RECORDED INFORMATION:
>>
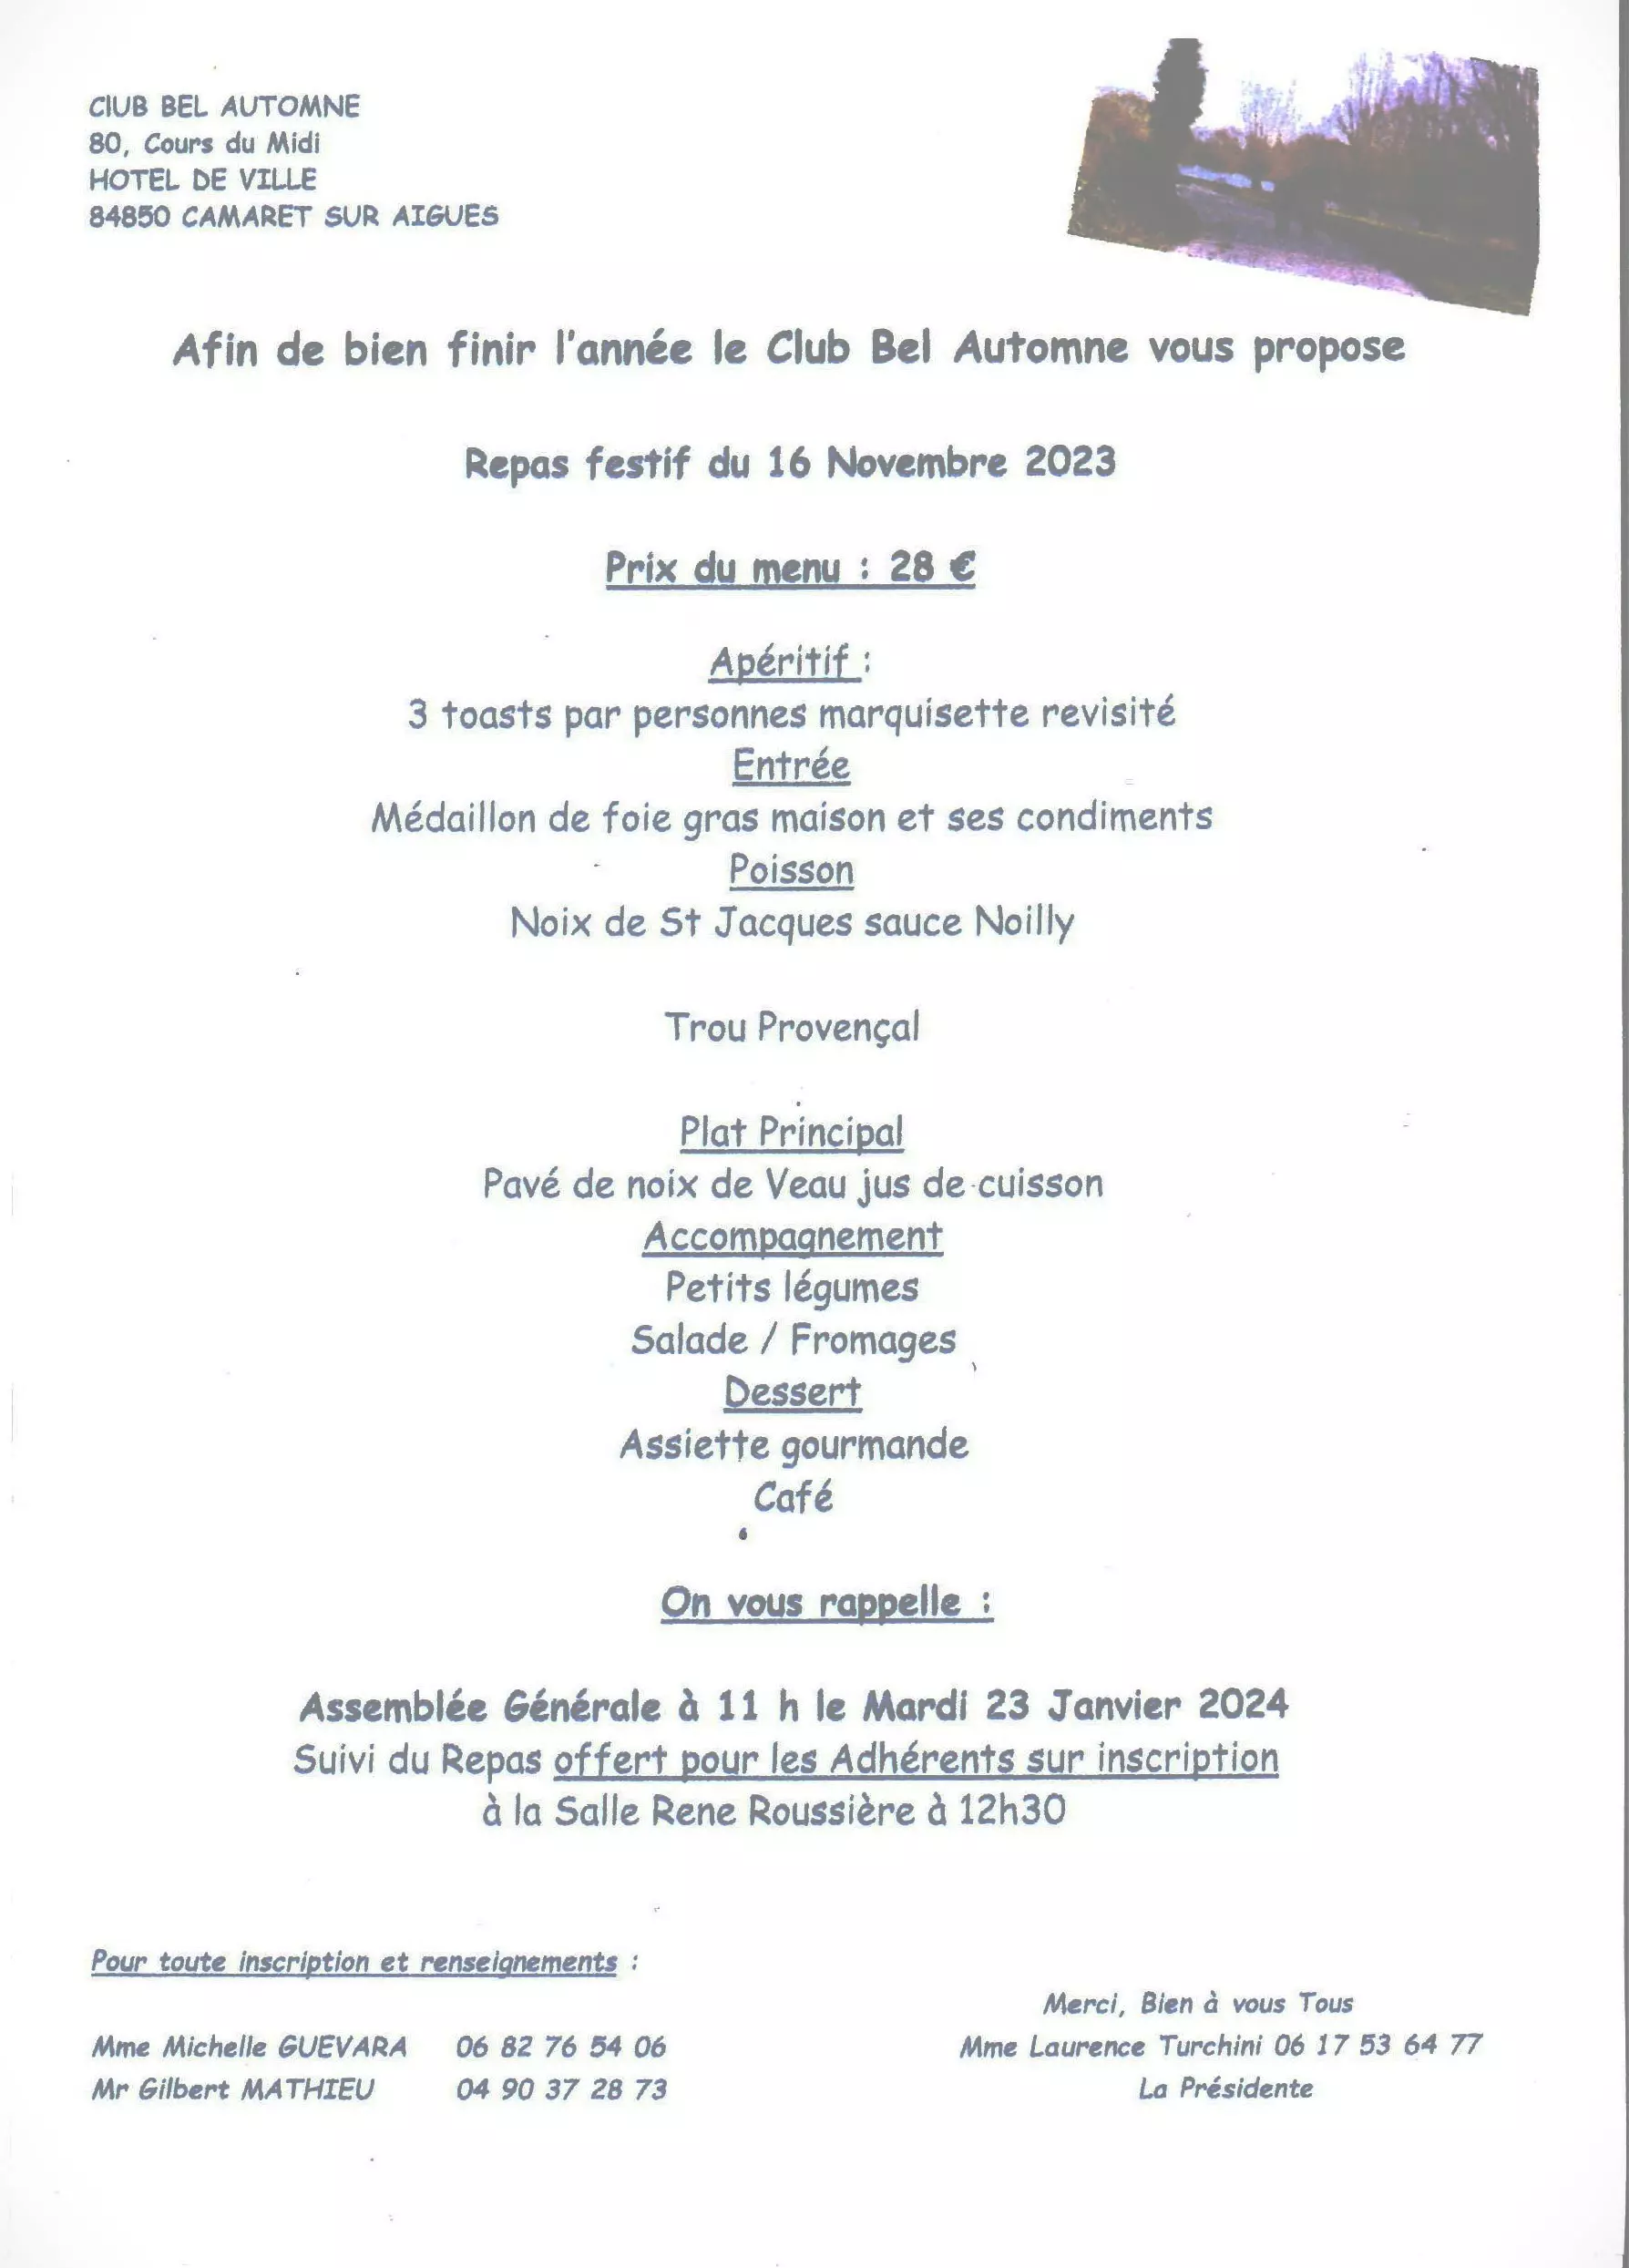 Repas festif de fin d'année du Club Bel Automne le jeudi 16 novembre à 12h00 à la salle René Roussière
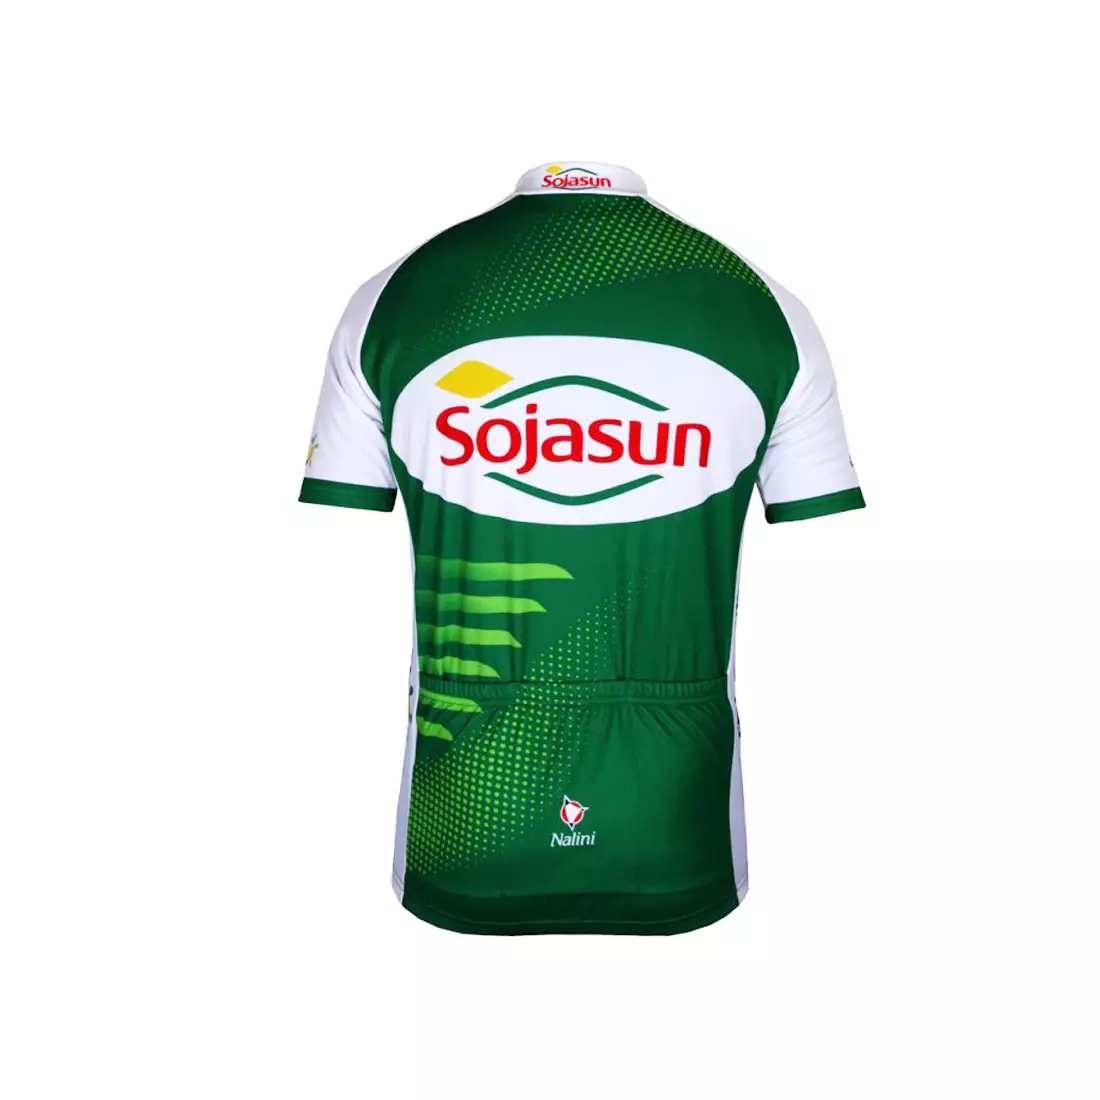 NALINI - TEAM SOJASUN 2013 - cycling jersey
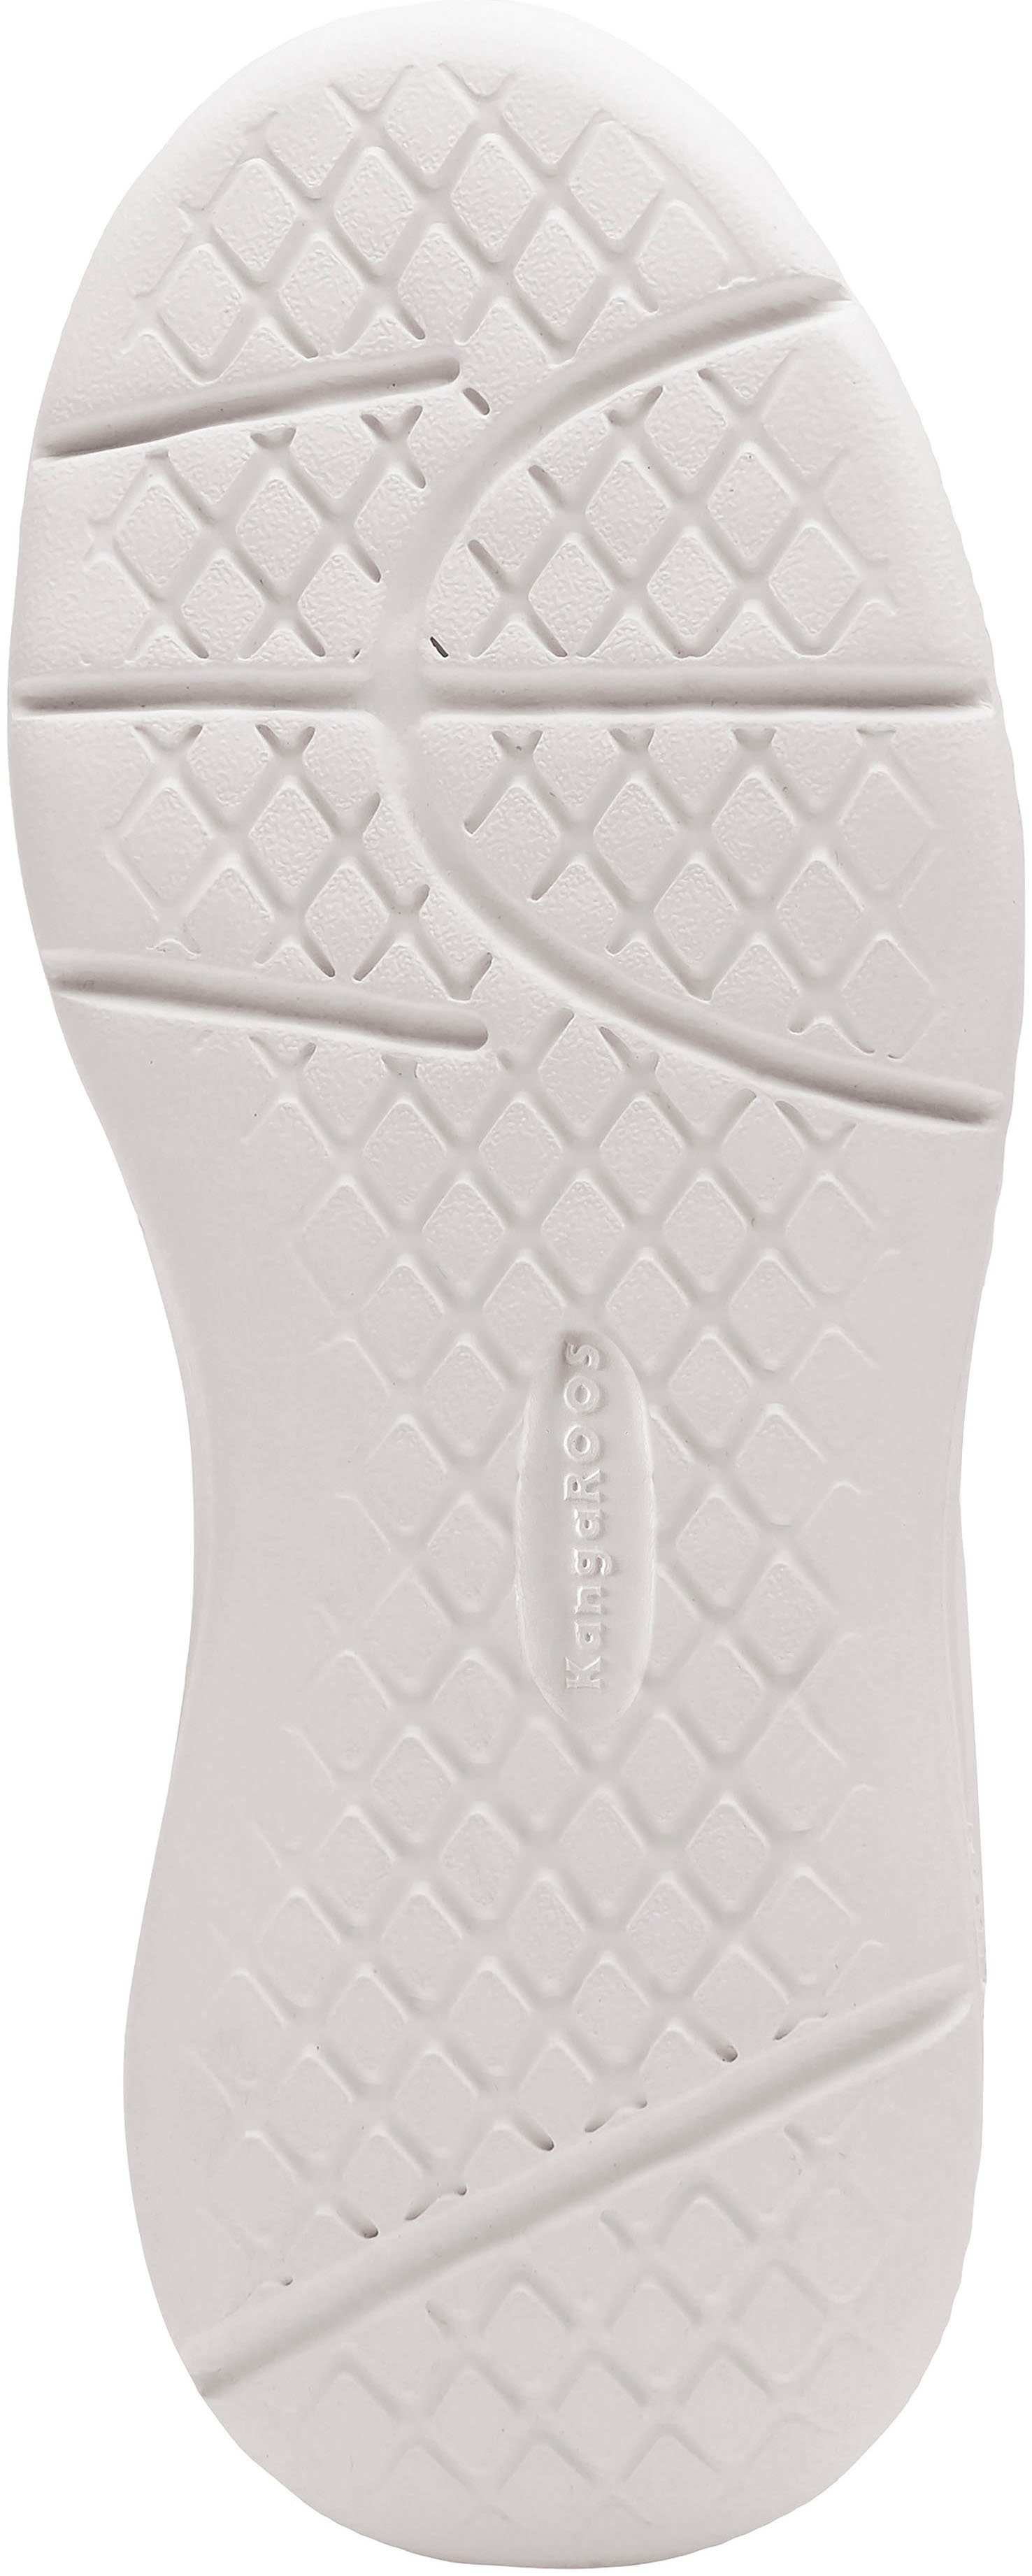 K-Ico schwarz-weiß mit Sneaker KangaROOS V Klettverschluss
<<
WORK ORDER: Give the data above again exactly. Leave the pictures out.

RESULT:
 Repas festif de fin d'année du Club Bel Automne le jeudi 16 novembre à 12h00 à la salle René Roussière
 NALINI - TEAM SOJASUN 2013 - cycling jersey
 K-Ico schwarz-weiß mit Sneaker KangaROOS V Klettverschluss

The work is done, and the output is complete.